There's was a nice thread comparing Muirfield and Royal St Georges recently.
Given that the Championship courses at Royal Aberdeen and Cruden Bay are often compared here's a similar exercise, but this time comparing separately the par-3's, the par-4's and the par-5's.
Par-3's
Royal Aberdeen has 4, the 3rd, 8th, 11th and 17th
Cruden Bay also has 4, the 4th, 11th, 15th and 16th
I suggest a composite courses par-3's would be the 3rd, 8th and 17th at RA plus the 4th from CB.
Par-5's
Royal Aberdeen has 3, the 2nd, the 6th and the 12th
Cruden Bay only has 2, the 6th and the 13th.
My composite would only have 2, both of them, the 6th and the 13th, would be from CB.
Par-4's
For the sake of comparison I'm turning the short-ish par-5 6th at Royal Aberdeen into a long par-4, thus both courses are par-70. Hence in this comparison both RA and CB have 12 each.
RA the 1st, 4th, cut down 6th, 9th, 14th, 16th and 18th
CB the 3rd, 5th, 7th, 17th and 18th
(the 3rd at CB is a bit of a floater hole here. I could have included several other notable holes from either course but I wanted to include a shortish par-4)
Summary of above
RA 10 holes
CB 8 holes
(close to being 11/7 split or possibly even 12/6)

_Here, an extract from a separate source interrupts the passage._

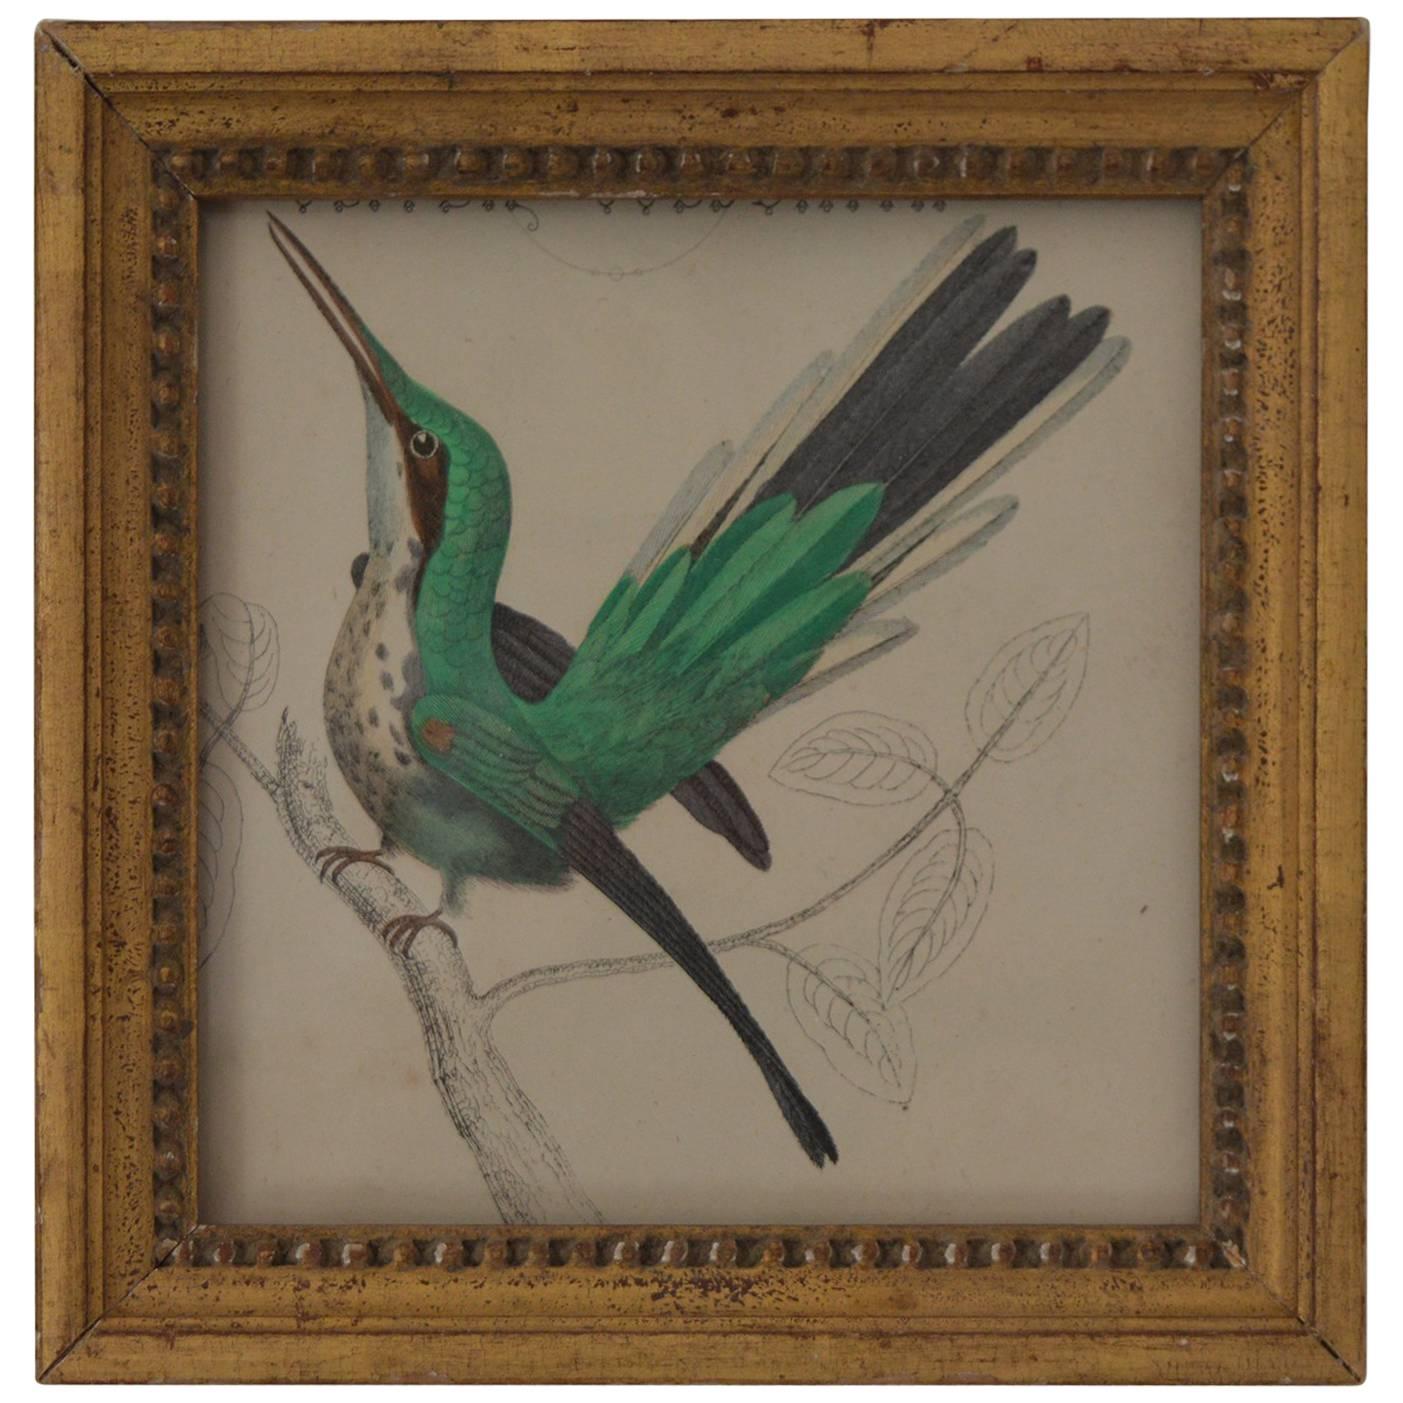 Original Antique Print of a Hummingbird, 1847

No doubt they are two wonderful courses. Which would I choose to play? As a newbee visitor to the area with only one round to be played on either course to be ingrained in the memory forever? CB. An extremely challenging, even severe course, testing every aspect of your game in a medal round against your most hated opponent when you are playing well, your opponent isn't and your playing for serious £$£$? RA every time. A member of both living half way between them? RA 7 times, CB 2 times and the St Olaf 9-holer at CB once (actually the 6th and 8th holes on the St Olaf 9-holer at CB and the 17th on the Silverburn course at RA would probably make my overall 18 composite holes at both sites).